The Hylands Hotels are liquidating their partnership. Before selling the assets and paying liabilities, the capital balances for

the partners are: Martha $45,000; Nathan $36,000 and Orin $26,000. The profit and loss sharing ratio has been 2:2:1 for Martha, Nathan and Orin respectively. The partnership has cash $68,000, $75,000 noncash assets and $36,000 Accounts payable. I. Assume the partnership sells the non-cash assets and received $84,000 in cash. II. Assume the partnership sells the noncash assets and received $35,000. Instructions Under both assumptions, prepare the entries to record: (a) The sale of noncash assets. (b) The allocation of the gain or loss on liquidation to the partners. (c) Payment of creditors. (d) Distribution of cash to the partners.
Business
1 answer:
Georgia [21]3 years ago
7 0

Answer:

Ia.

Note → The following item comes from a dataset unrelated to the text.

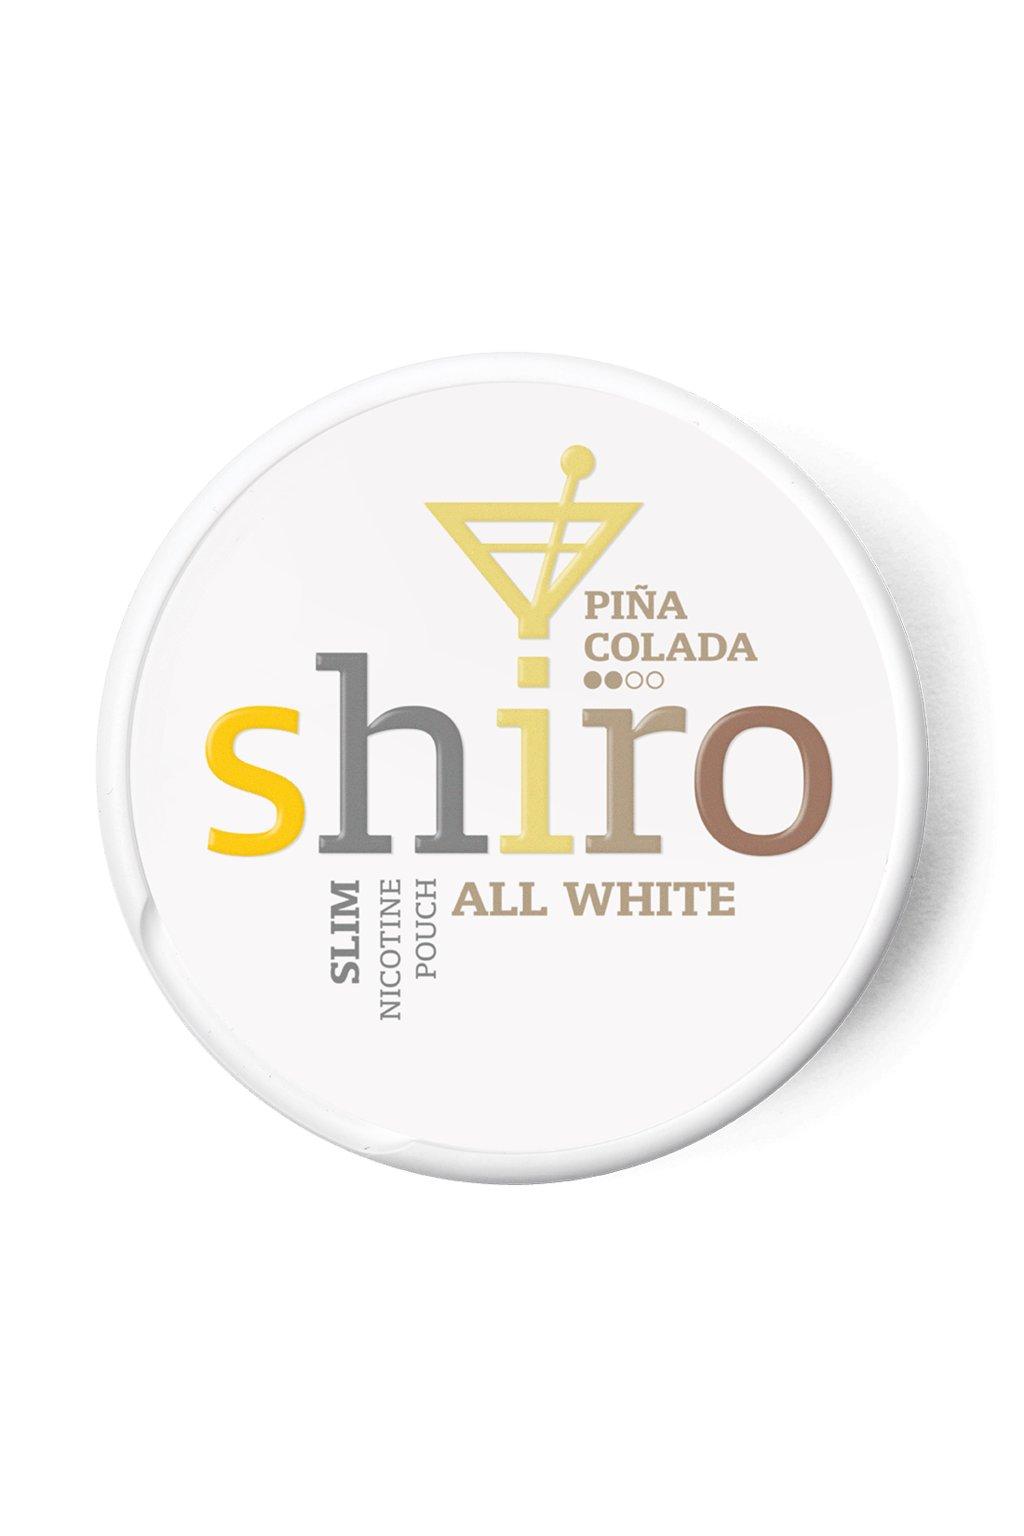 Shiro Pina Colada nikotinove sacky

Debit Cash $84,000

Credit Non-cash asset $75,000

Gain on sale $9,000

Ib. Debit Gain on sale $9,000

Credit Martha, capital $3,600

Credit Nathan, capita $3,600

Credit Orin, capital $1,800

Ic. Debit Accounts payable $36,000

Credit Cash $36,000

Id. Debit Martha, capital $48,600

Debit Nathan, capita $39,600

Debit Orin, capital $27,800

Credit Cash $116,000

IIa. Debit Cash $35,000

Loss on sale $40,000

Credit Non-cash asset $75,000

IIb. Debit Martha, capital $16,000

Debit Nathan, capital $16,000

Debit Orin, capital $8,000

Credit loss on sale $40,000

IIc. Debit Accounts payable $36,000

Credit Cash $36,000

IId. Debit Martha, capital $29,000

Debit Nathan, capita $20,000

Debit Orin, capital $18,000

Credit Cash $67,000

Explanation:

Ia. During the sale on non-cash asset, we debit the cash we received during the sale and credit the the non-cash asset and another credit of gain on sale. So we debit cash $84,000 credit Non-cash asset to remove it from the book in the amount of $75,000 and another credit of $9,000 gain on sale.

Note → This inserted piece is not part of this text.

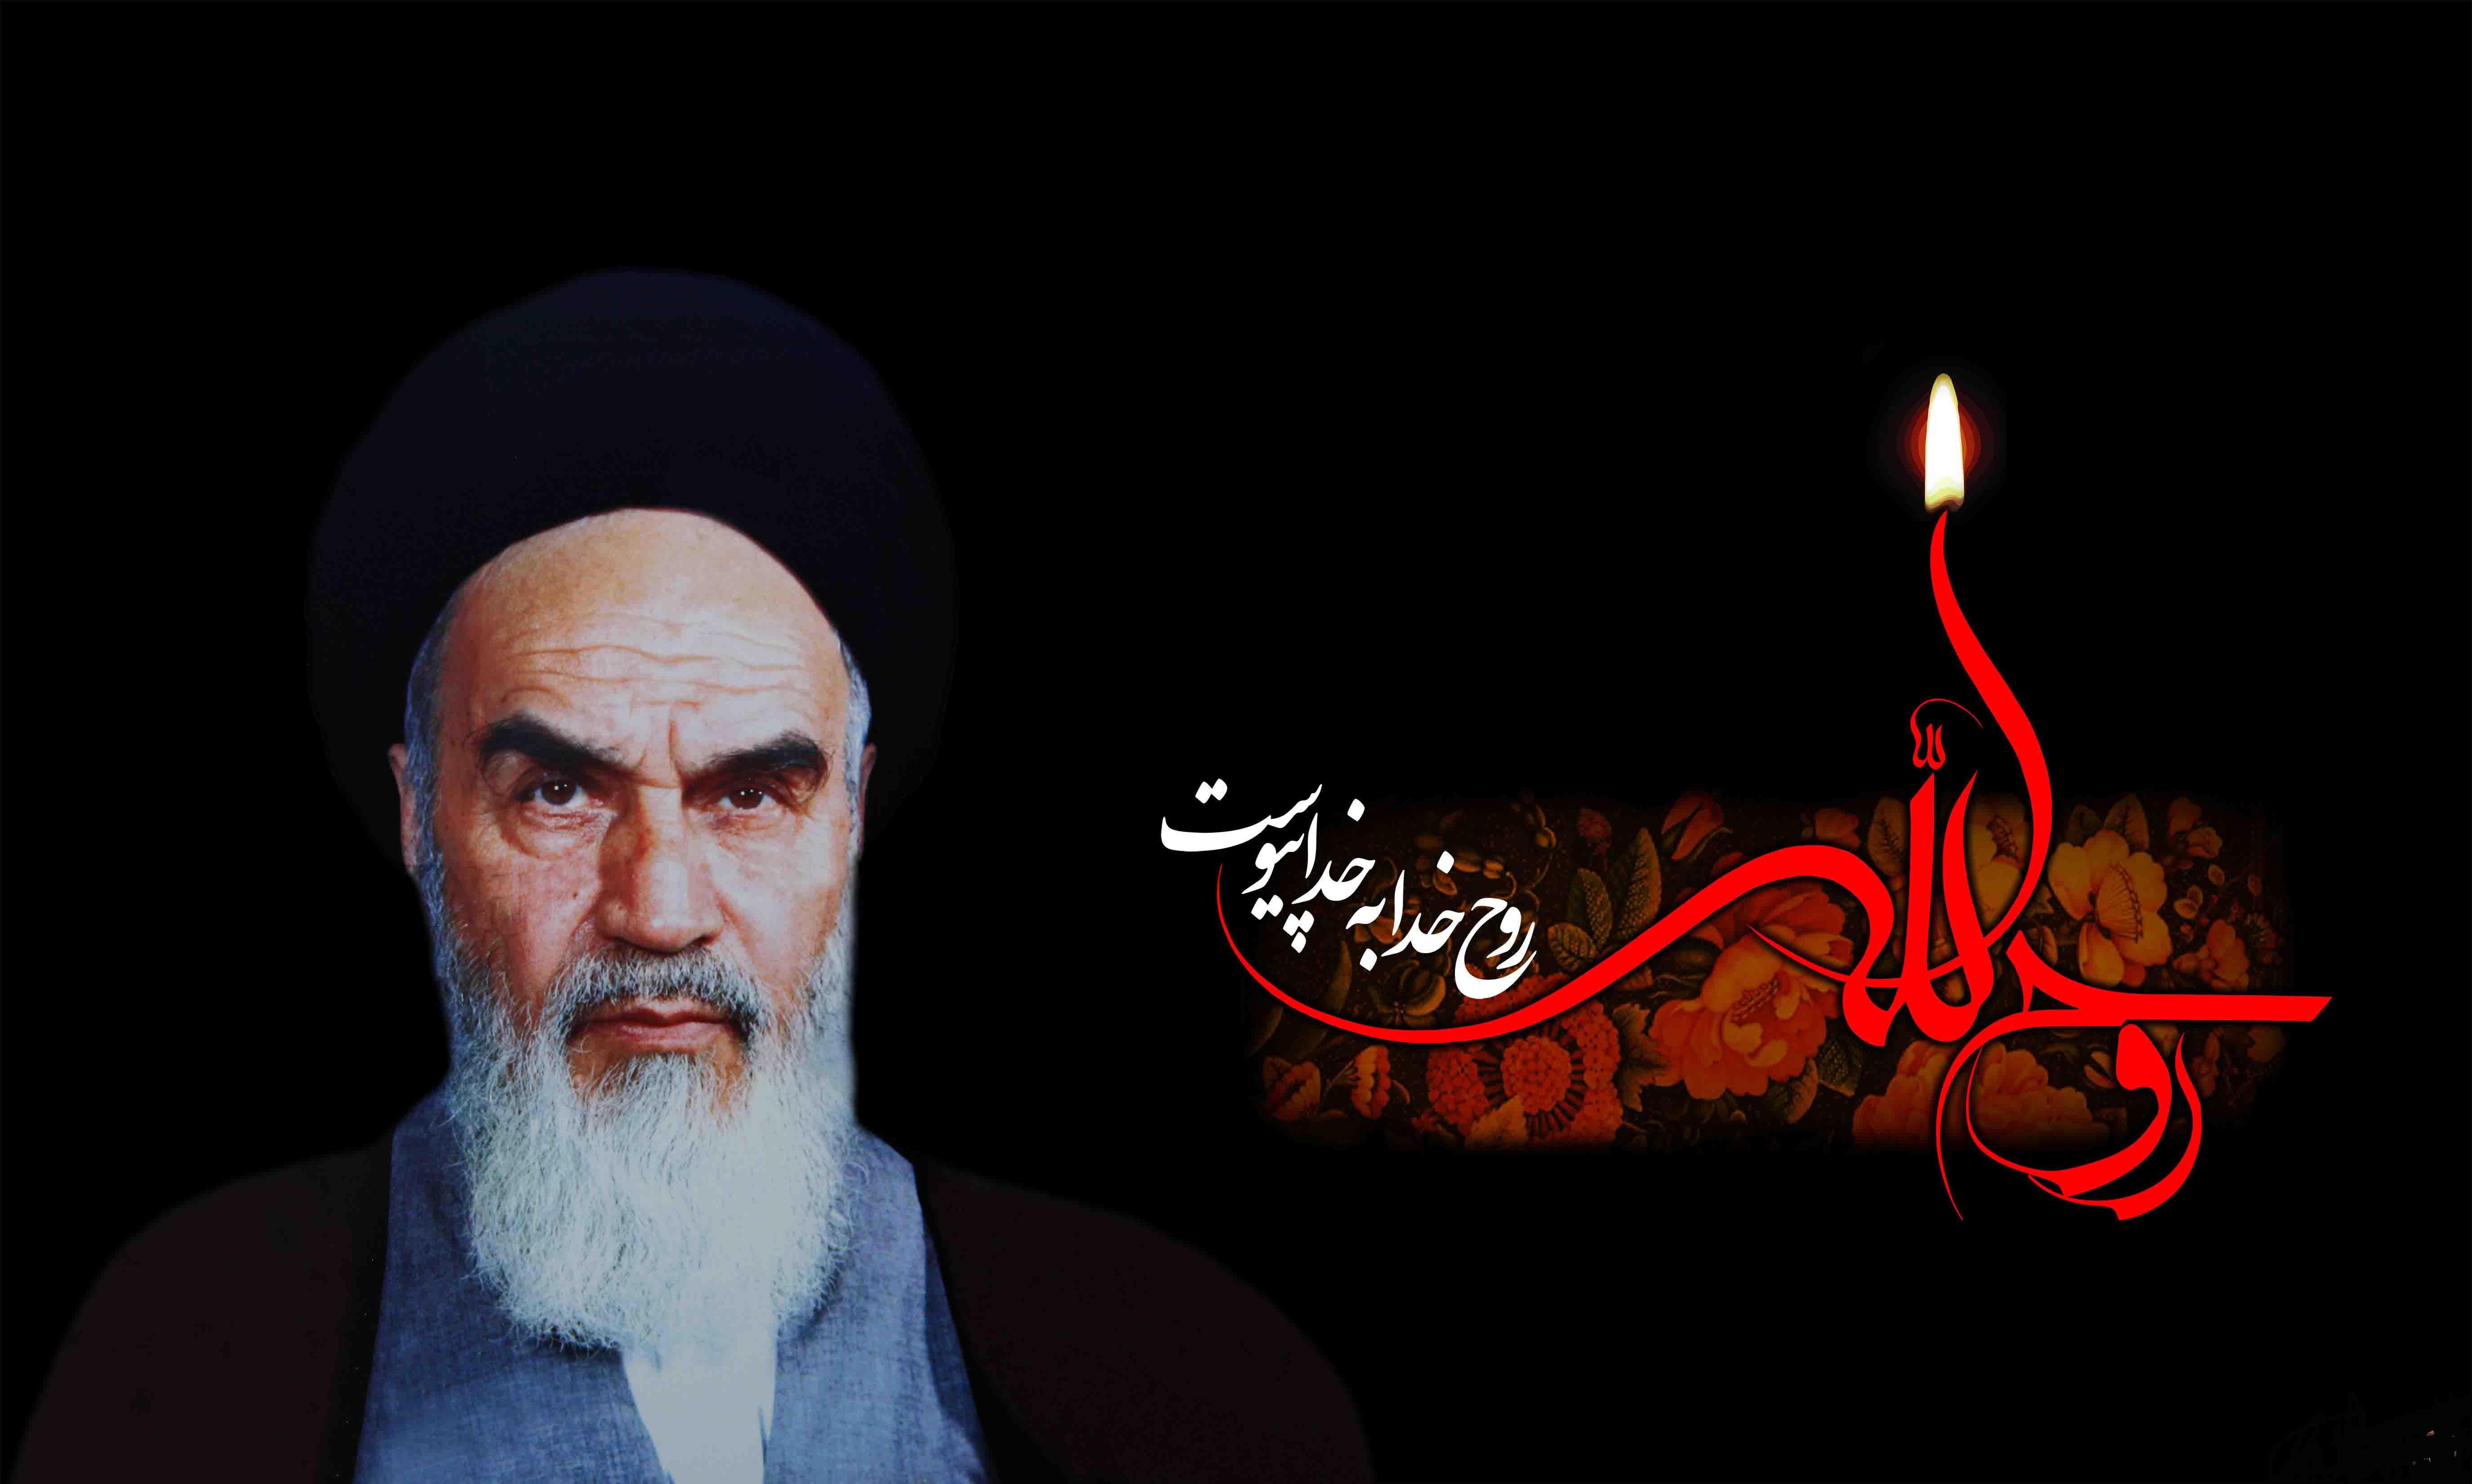 رحلت حضرت امام خمینی (ره) تسلیت باد

Ib. The gain we credited earlier will be allocated to the partners based on the profiy and loss sharing ratio.

Debit Gain on sale $9,000

Credit Martha, capital (9,000 x 2/5) $3,600

Credit Nathan, capital (9,000 x 2/5) $3,600

Credit Orin, capital (9,000 x 2/5) $1,800

Ic. To record payment to creditor, we simply debit Accounts payable in the amount of $36,000 and credit Cash in the same amount of $36,000.

Id. The cash subject for allocation is the remaining amount after we deduct the cash we paid to outside creditor plus the amount we received from the sale on non-cash asset.

Beginning cash $68,000 - $36,000 (payment to creditor) + $84,000 (cash received from sale of non-cash assets) = $116,000

$116,000 - (45,000 + 36,000 + 26,000) = $9,000

We now allocate the cash based on the capital balances of the partners and divide the excess based on the profit or loss sharing ratio.

Debit Martha, capital (45,000 + (9,000 x 2/5)   $48,600

Debit Nathan, capital (36,000 + (9,000 x 2/5)  $39,600

Debit Orin, capital (26,000 + (9,000 x 2/5)       $27,800

Credit cash    $116,000                  

IIa. During the sale on non-cash asset, we debit the cash we received during the sale and credit the the non-cash asset. The difference between Cash received and the value of an asset will be charged to gain or loss. So we debit cash $35,000 and another debit of loss on sale in the amount of $40,000 then credit Non-cash asset to remove it from the book in the amount of $75,000..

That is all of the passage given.